• Work required
For this exercise, output the entries below exactly from the line that holds "When the depths" to the line that holds "Completely furnished 2-bedroom", both ends included. No pictures belong in the copy.

• Records to use
########################################
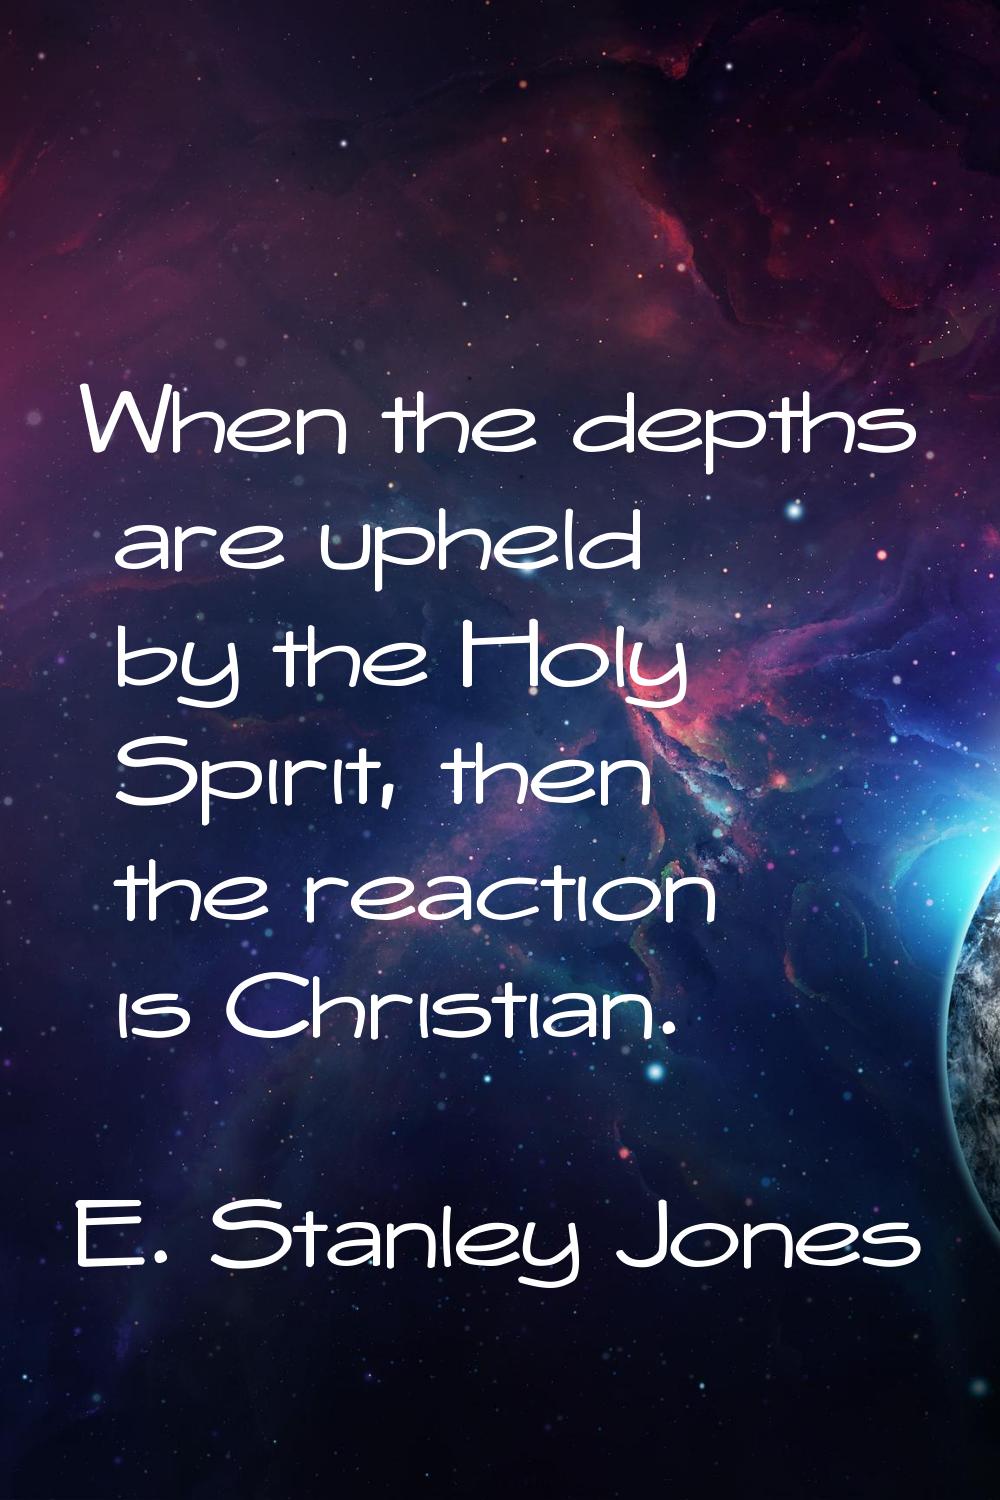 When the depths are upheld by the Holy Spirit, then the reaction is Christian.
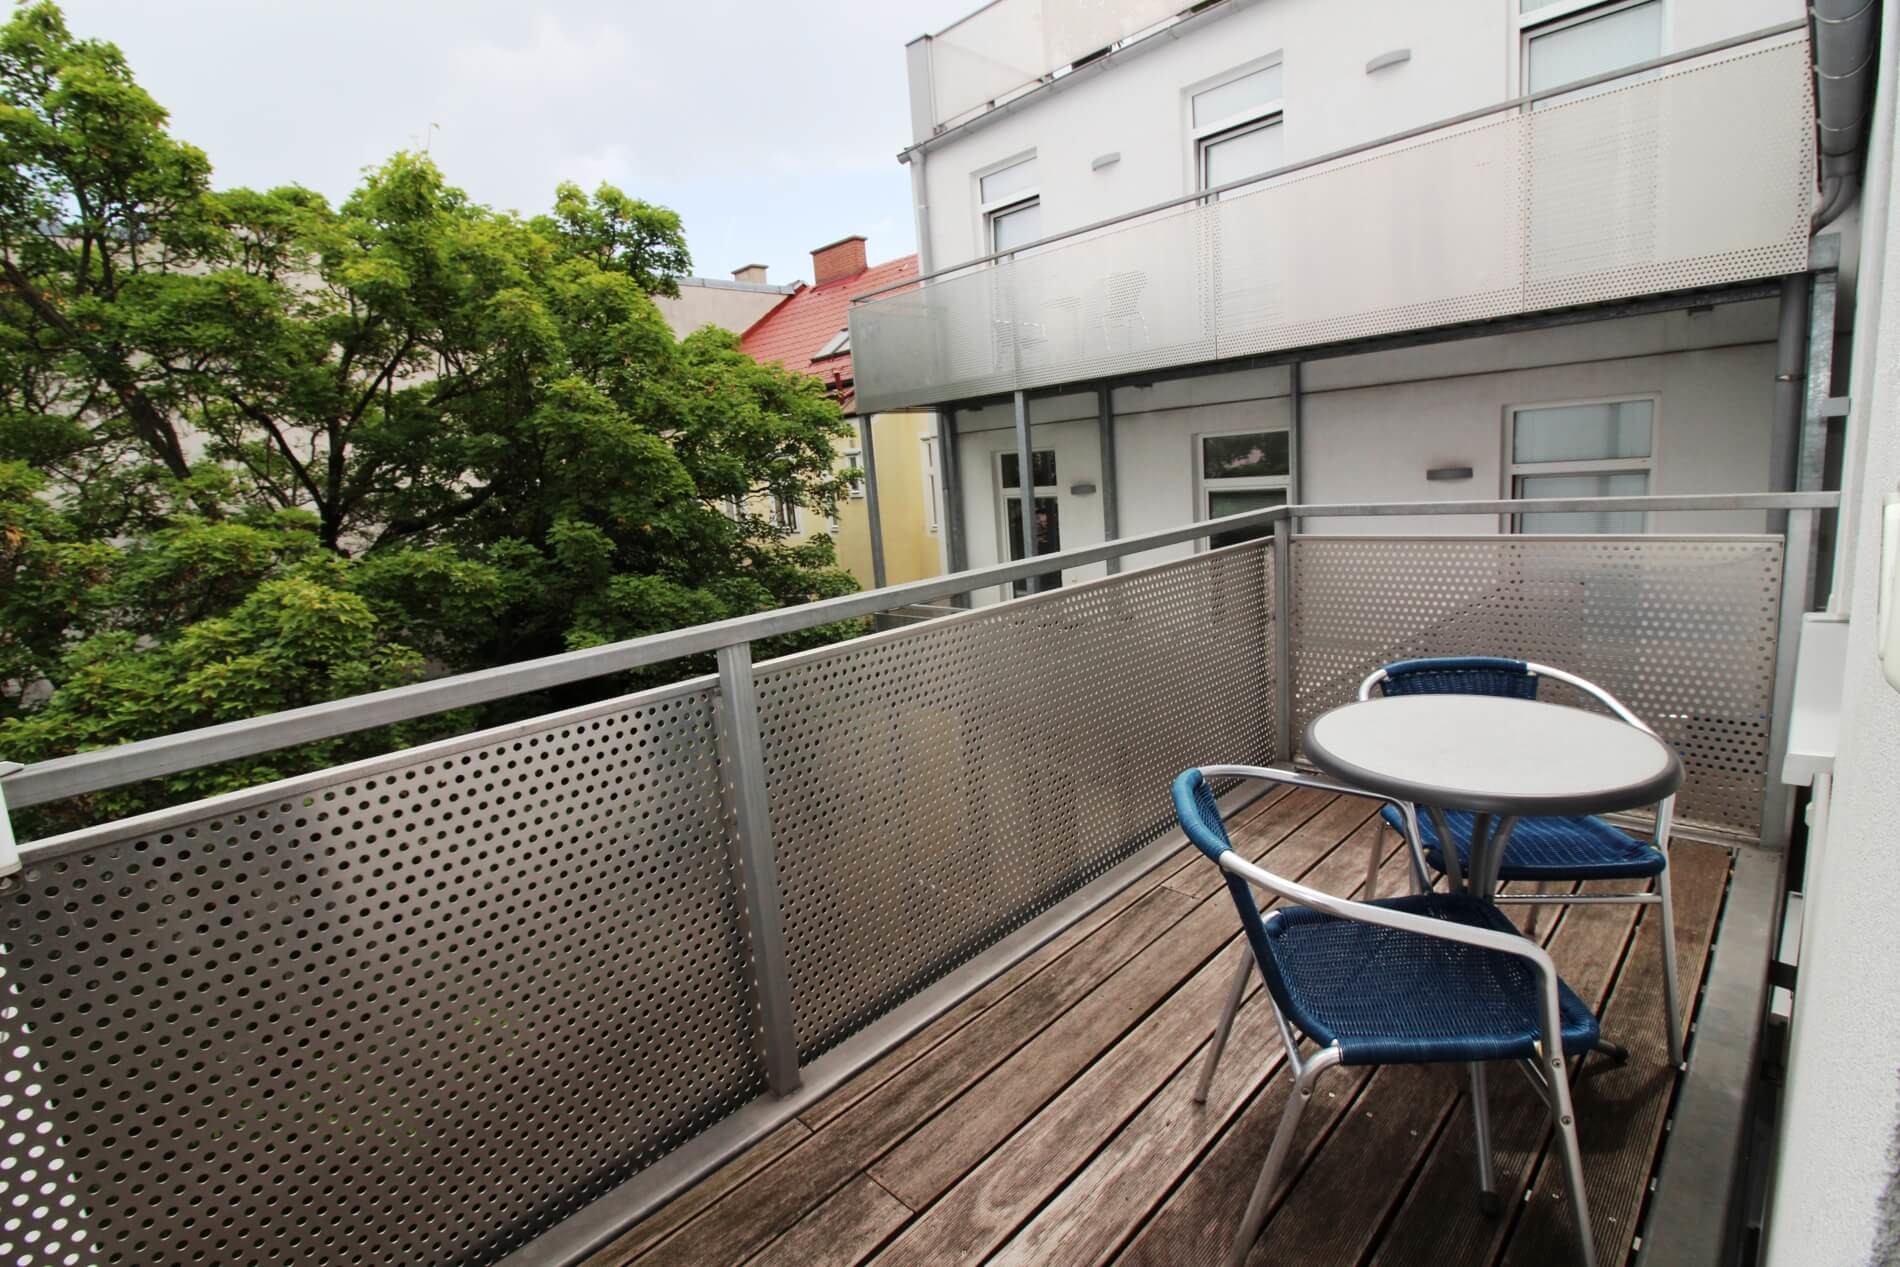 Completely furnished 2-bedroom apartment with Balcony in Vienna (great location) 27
########################################
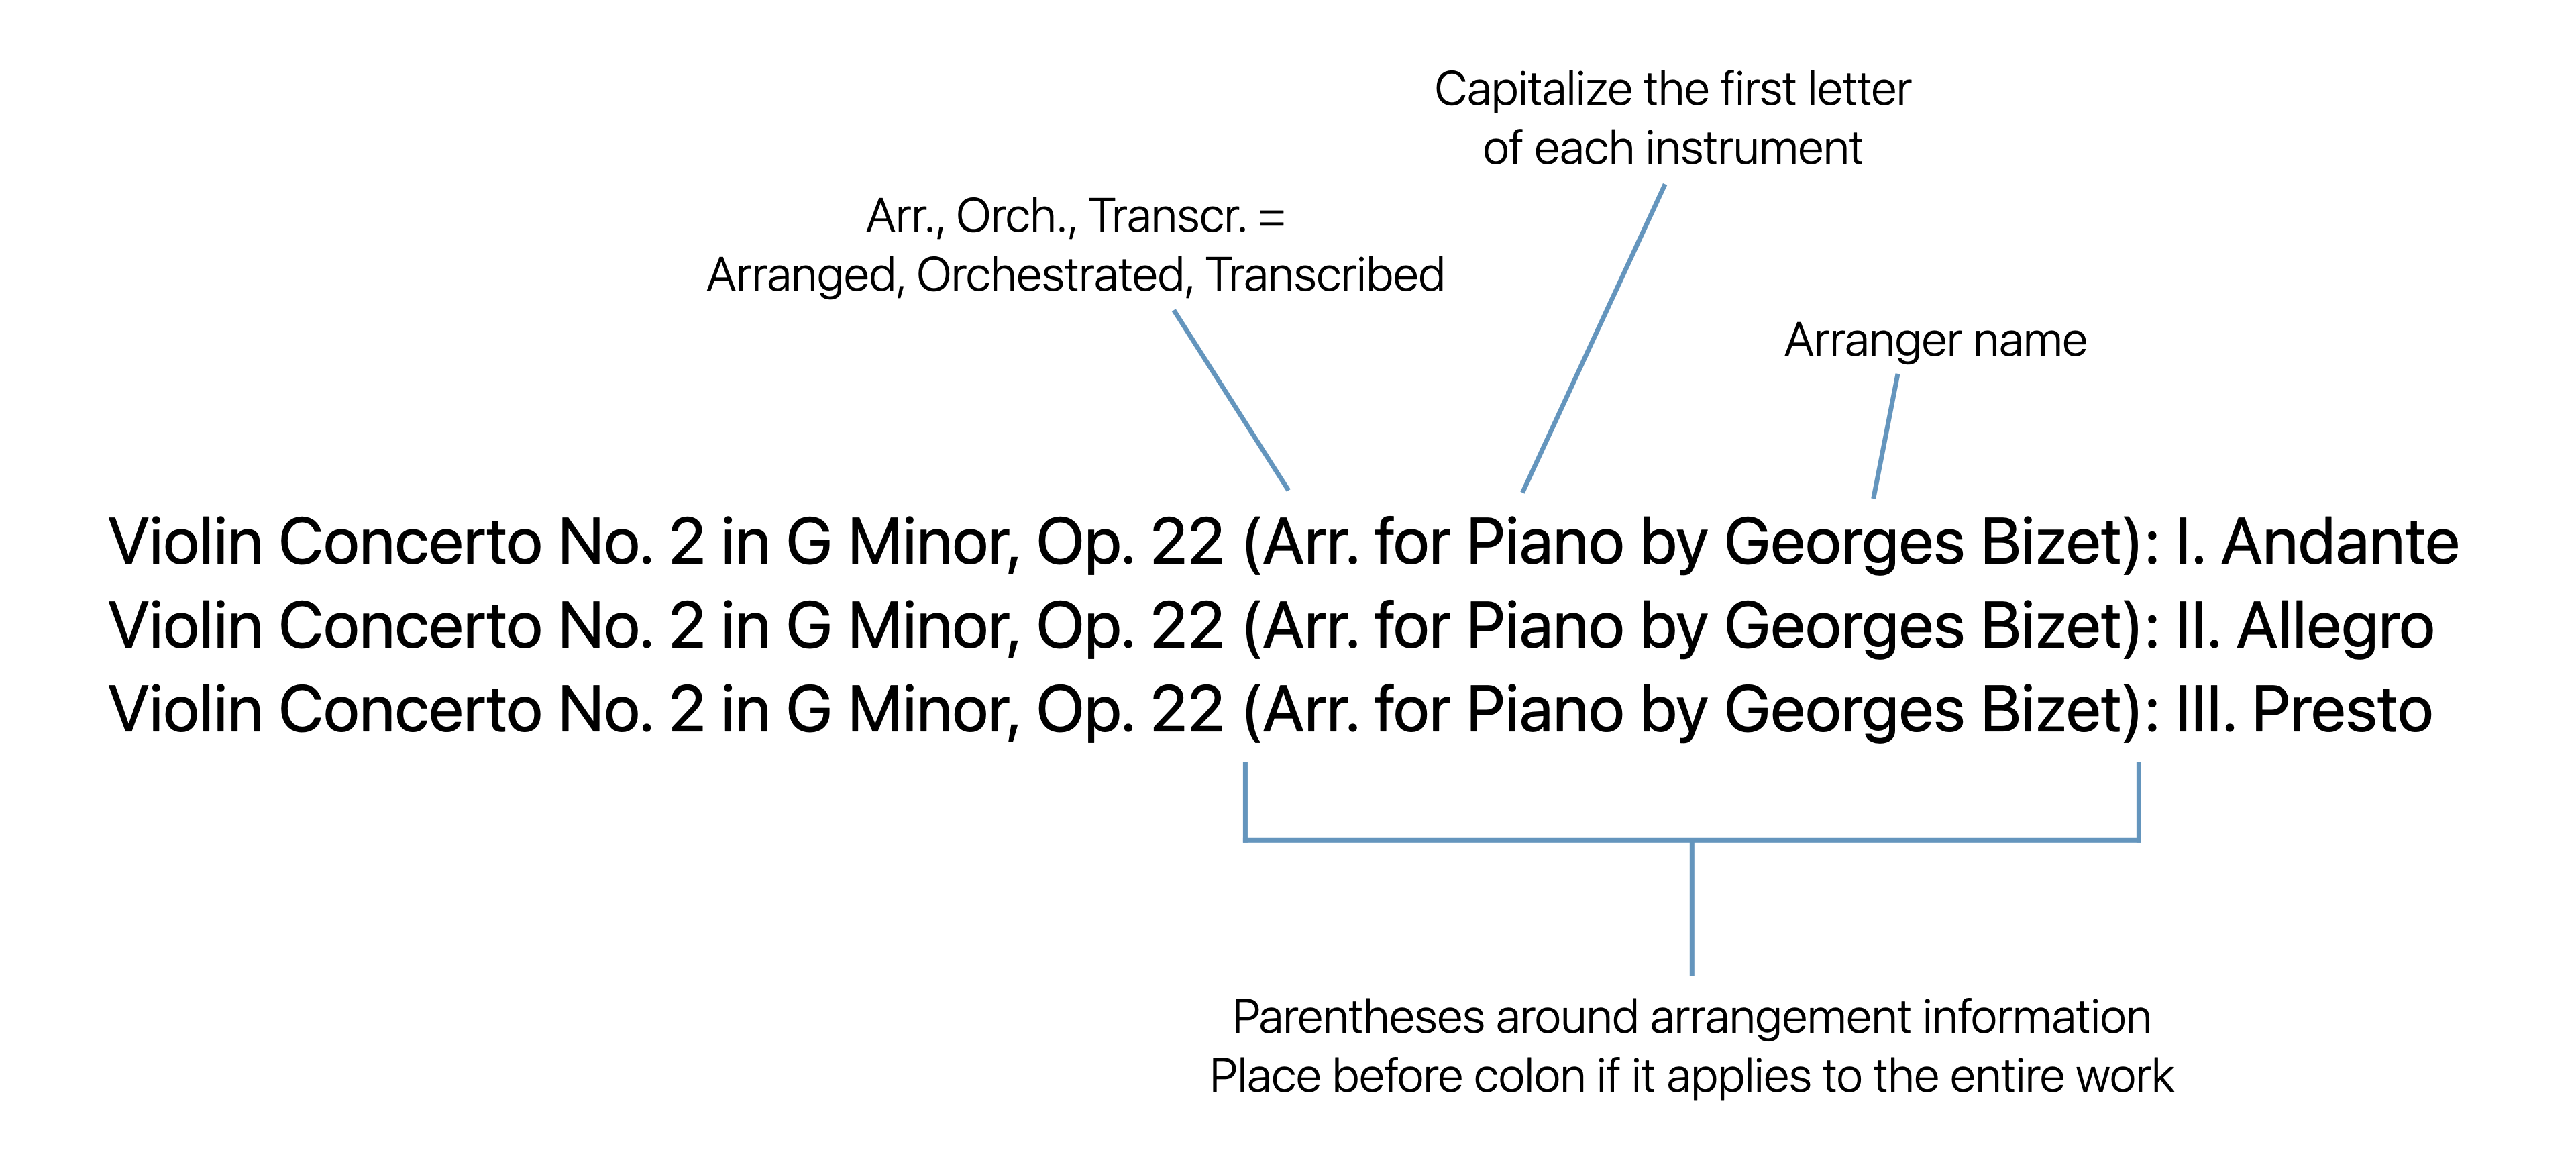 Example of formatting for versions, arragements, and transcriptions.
########################################
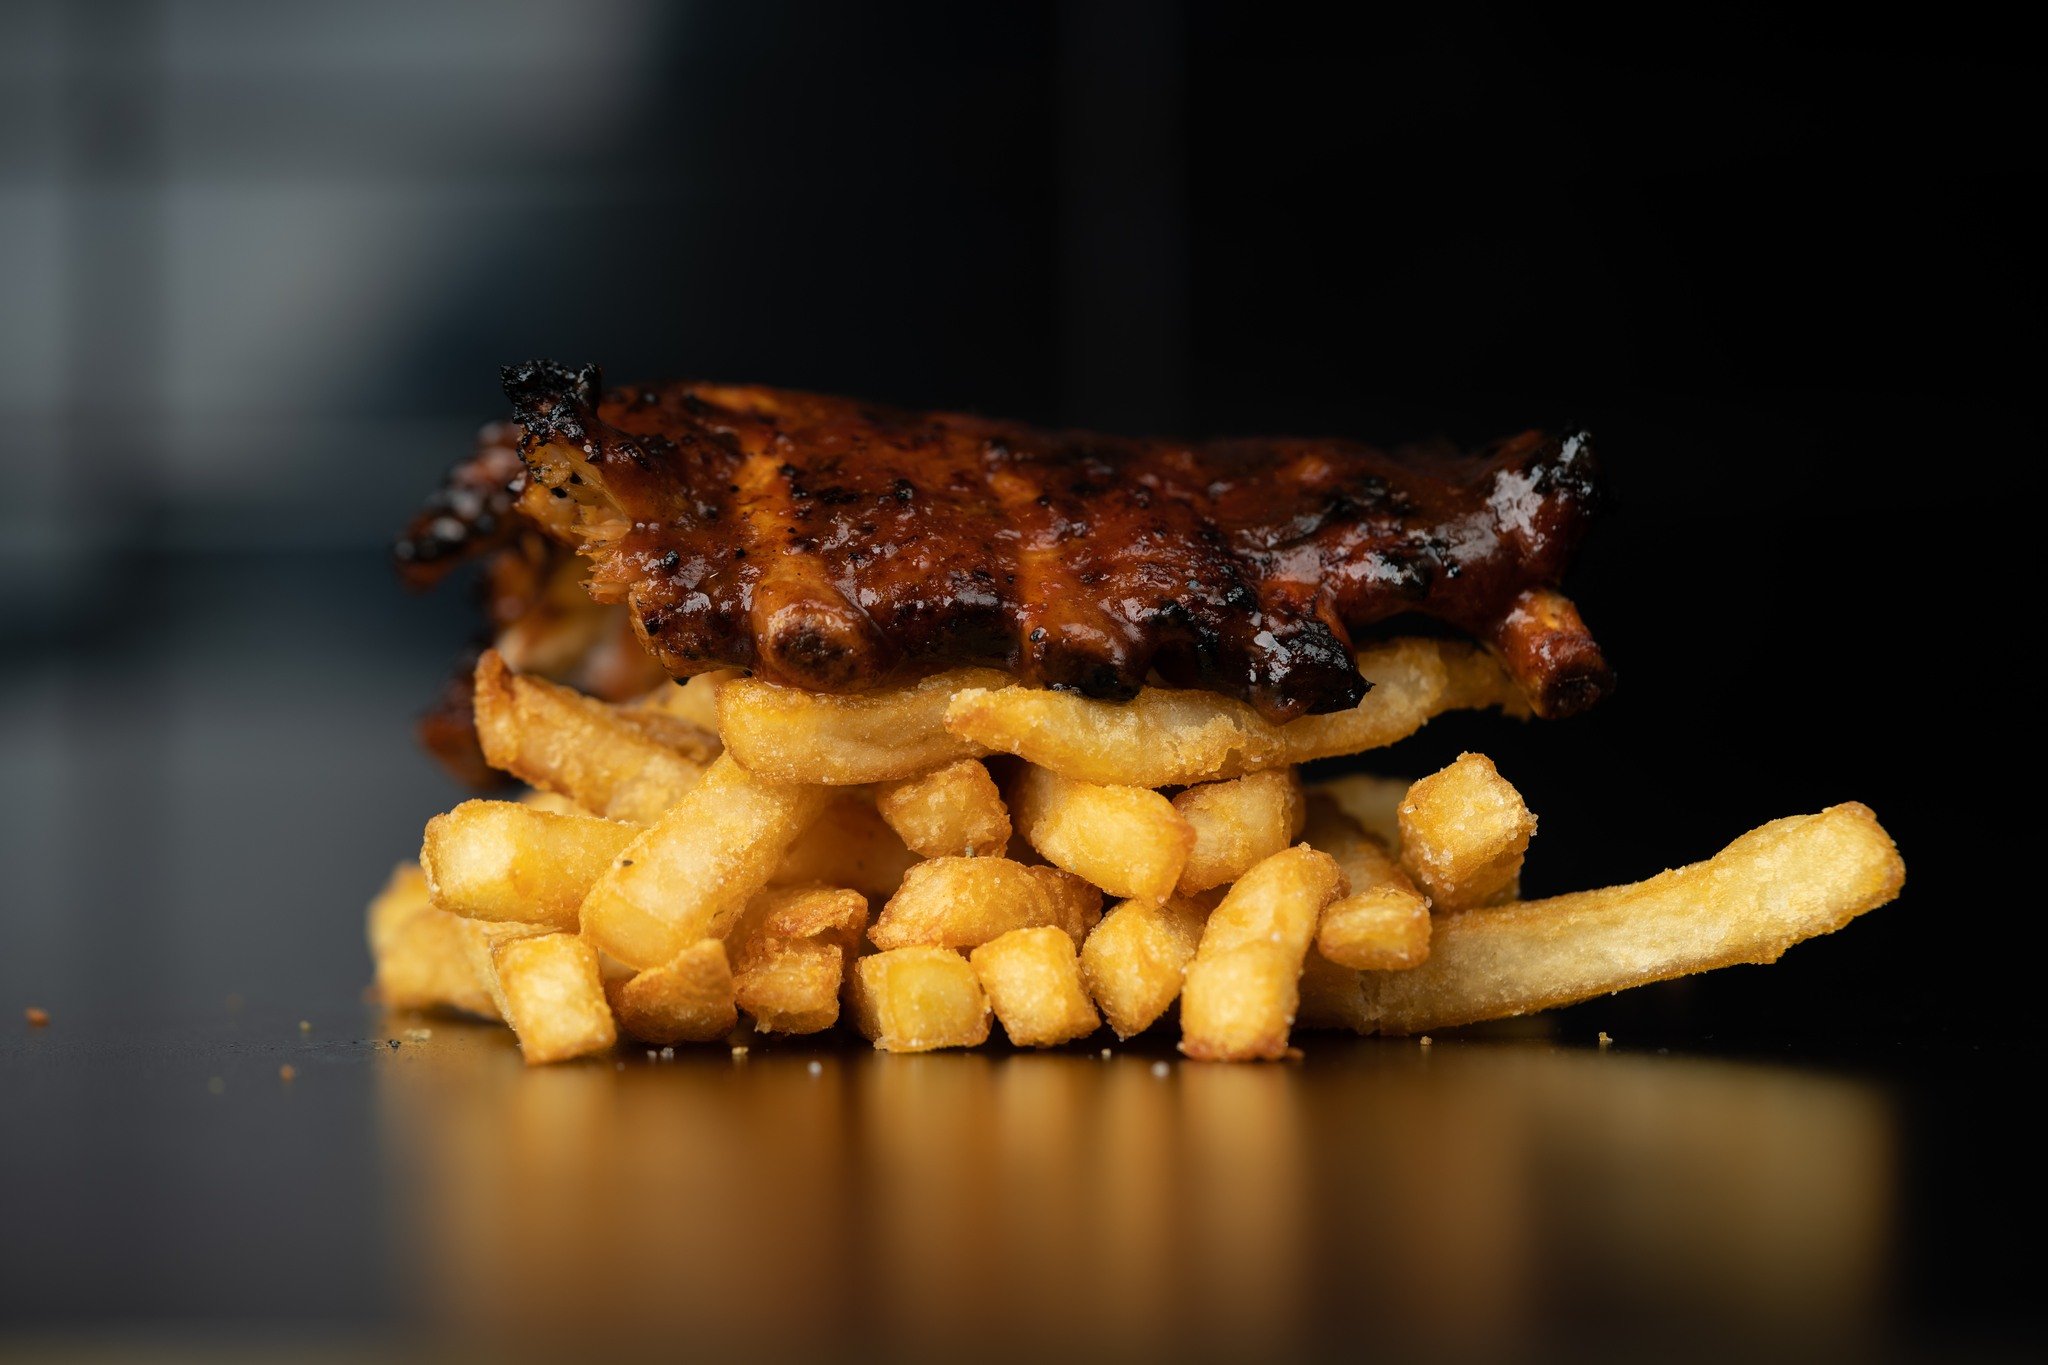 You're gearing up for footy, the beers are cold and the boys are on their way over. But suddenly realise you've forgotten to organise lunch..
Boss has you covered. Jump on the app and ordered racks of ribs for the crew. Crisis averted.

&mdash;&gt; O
########################################
• Exercise result
 When the depths are upheld by the Holy Spirit, then the reaction is Christian.
 Completely furnished 2-bedroom apartment with Balcony in Vienna (great location) 27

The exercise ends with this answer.